Als Zeug_innen und Sachverständige befragt wurden unter anderem Staatsschutzbeamte, ein Brandsachverständiger, ein Psychologe und drei Frauen, die am Tatabend vor dem Aufbruch zur Unterkunft mit den Angeklagten zusammen waren. Sudbara A., Bewohner der Unterkunft und Nebenkläger, berichtete dem Gericht, er habe sich zum Zeitpunkt des Anschlags mit seiner erst wenige Monate alten Tochter in der Küche der Unterkunft aufgehalten. Nur knapp einen Meter neben dem beleuchteten Küchenfenster habe der Brandsatz die Gebäudewand getroffen.
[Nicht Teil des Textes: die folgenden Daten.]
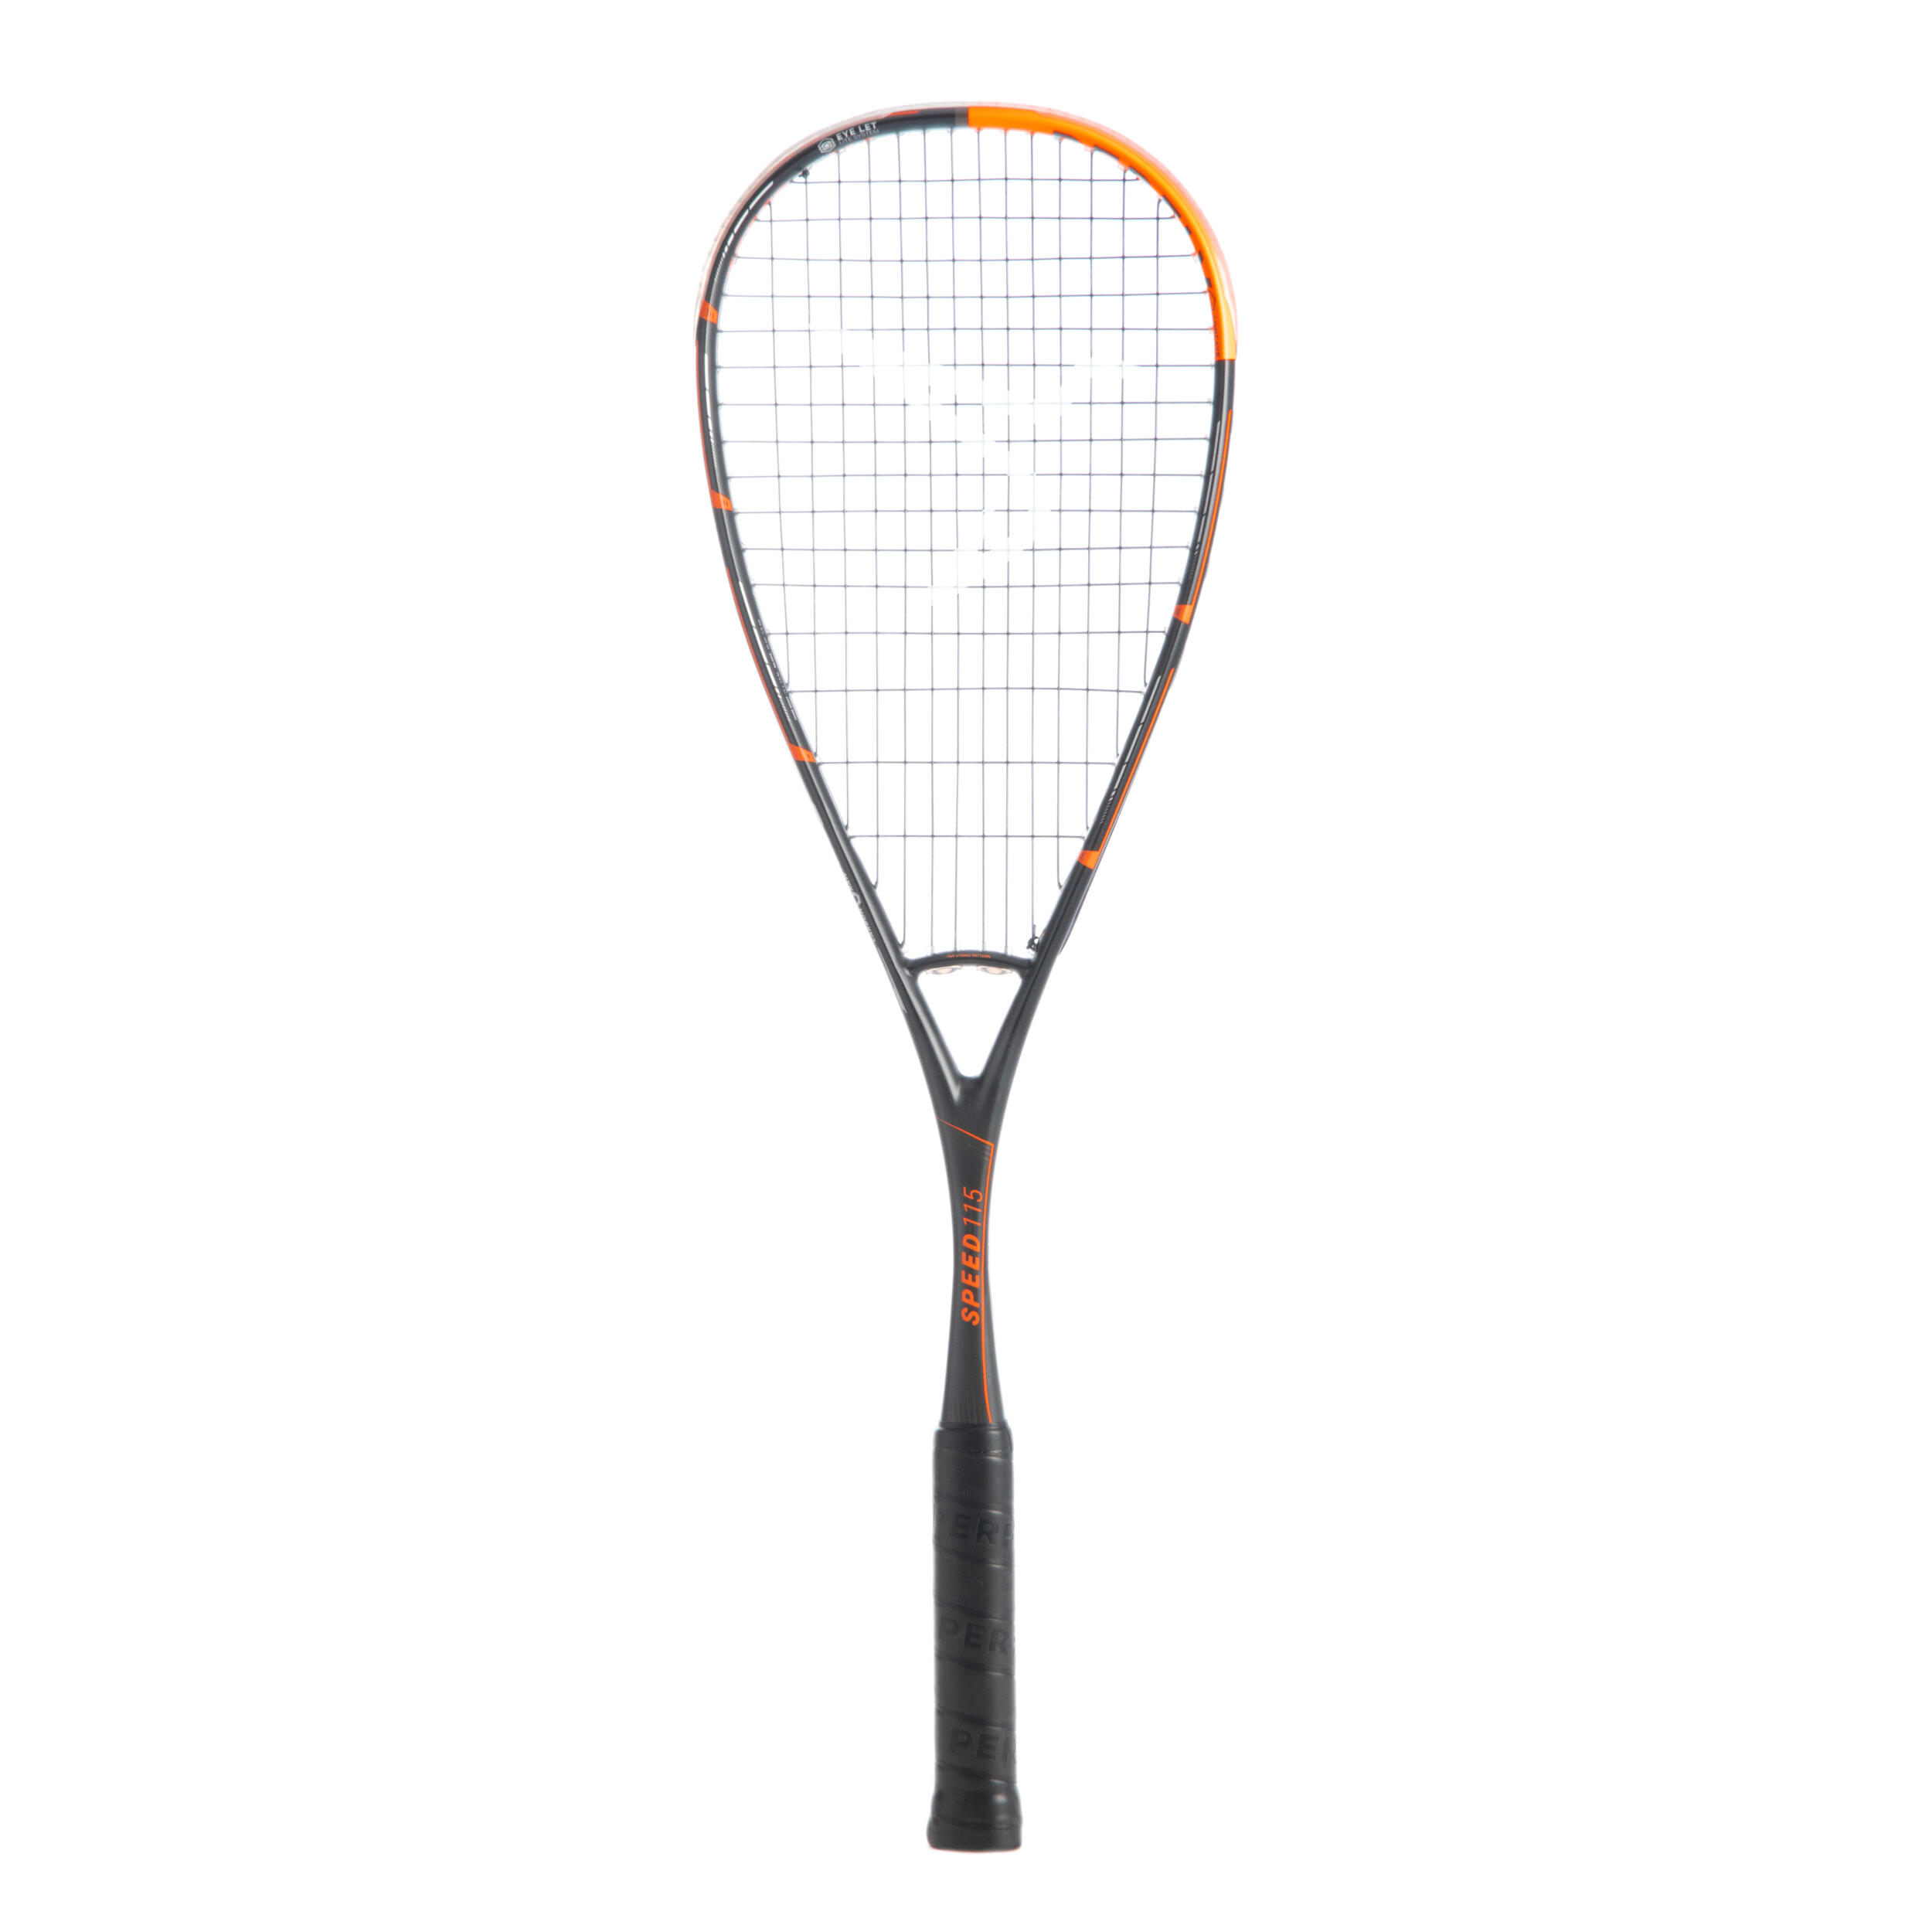 Rachetă Squash Speed 115 Adulți 115  Rachete si huse squash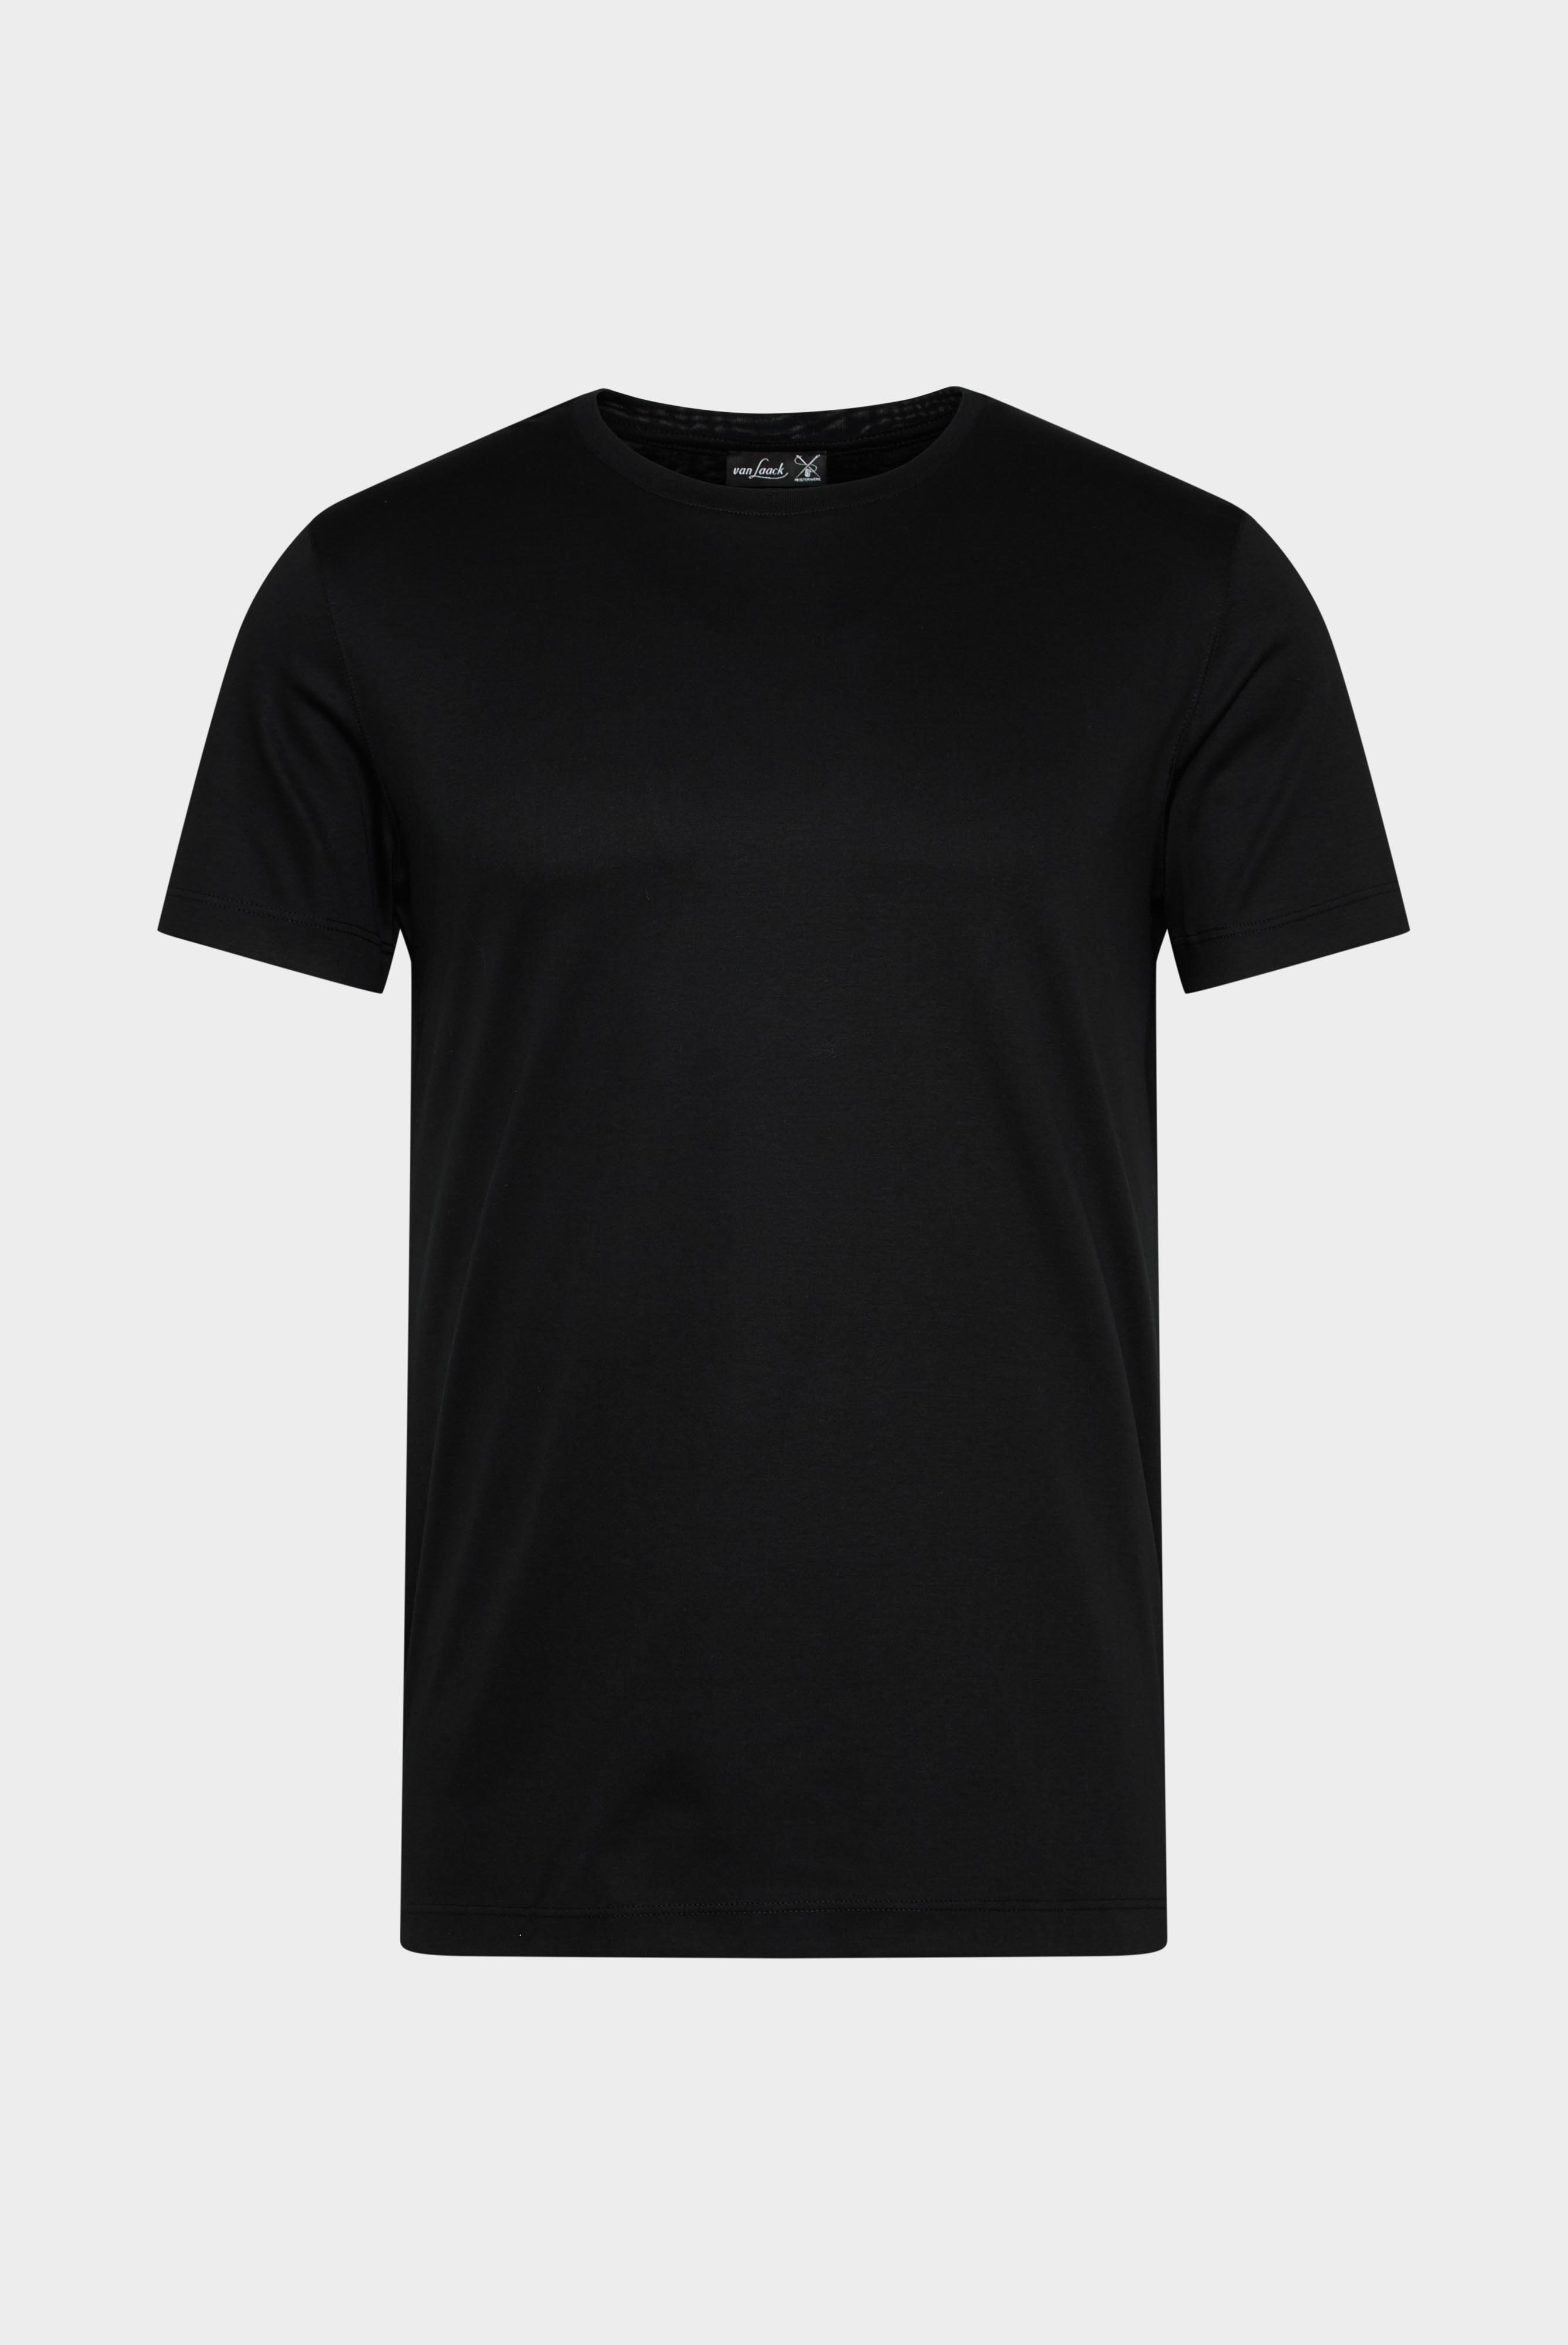 T-Shirts+Swiss Cotton Jersey Crew Neck T-Shirt+20.1717.UX.180031.099.M

A. schilderte, dass er seitdem in ständiger Angst um seine Kinder lebe und befürchte, dass sich Derartiges wiederholen könnte.
Reichskriegsflagge und Hitlerbild
Insbesondere von der Staatsanwalt und Nebenklage auf ihre politische Gesinnung angesprochen, betonten die Angeklagten im Prozess immer wieder, sie seien unpolitisch und keineswegs „rechtsradikal“. In gemeinsam genutzten Räumen der Hausgemeinschaft, in der zum Zeitpunkt der Tat neben V. auch die Angeklagten K. und R. lebten, hingen jedoch eine Reichskriegsflagge und ein Hitler-Portrait. Auch auf Facebook machten die Angeklagten kein Geheimnis aus ihrer politischen Einstellung. Beiträge der NPD sowie Artikel über den Anschlag auf eine Unterkunft im nahen Salzhemmendorf wurden geteilt, und W. wählte als Profilbild eine Reichskriegsflagge. Dazu befragt äußerte er: „Die Reichskriegsflagge steht für Deutschland. Für sonst nichts.“ Man habe, so die Wahrnehmung der Angeklagten, es als ungerecht empfunden, dass Geflüchteten beispielsweise Handys und Fahrräder zur Verfügung gestellt würden und mit der Aktion „ein Zeichen“ setzen wollen.
Urteile und Einschätzung
In ihrem Plädoyer forderte die Staatsanwaltschaft, die Angeklagten Dennis R., Mario V. und Christian W. wegen versuchten Mordes und die Angeklagte Nadine K. wegen Beihilfe zu verurteilen. Letztendlich wurden die drei Männer am 23. März 2017 wegen gemeinschaftlicher schwerer Brandstiftung und K. wegen Beihilfe verurteilt. Dabei hob das Gericht den rechten beziehungsweise rassistischen Tathintergrund hervor. R., V. und W. kassierten vierjährige Freiheitsstrafen, K. eine 18-monatige auf Bewährung.
Doch obwohl im Prozess der rassistische Tathintergrund letztendlich nicht verschwiegen wurde, zeigte sich die Schwierigkeit, rassistische Gewalt als solche zu thematisieren. Richter und Verteidiger fokussierten immer wieder auf den sozialen Status der Angeklagten, auf mangelnde Ausbildung, Arbeitslosigkeit oder mindere Intelligenz. Damit wurde einmal mehr versucht, Rassismus als Randgruppenphänomen darzustellen, ohne Verbindung zur Mitte der Gesellschaft. Auch bei anderen Anschlägen auf Geflüchteten-Unterkünfte in den letzten Jahren, bei denen die Täter_innen ermittelt werden konnten, kamen diese nicht aus der organisierten extremen Rechten, handelten jedoch mit rechter und rassistischer Motivation. Rassistische Gewalt als Teil eines gesamtgesellschaftlichen Diskurses zu sehen und als solchen auch in der juristischen Auseinandersetzung zu thematisieren, bleibt also nach wie vor eine Herausforderung.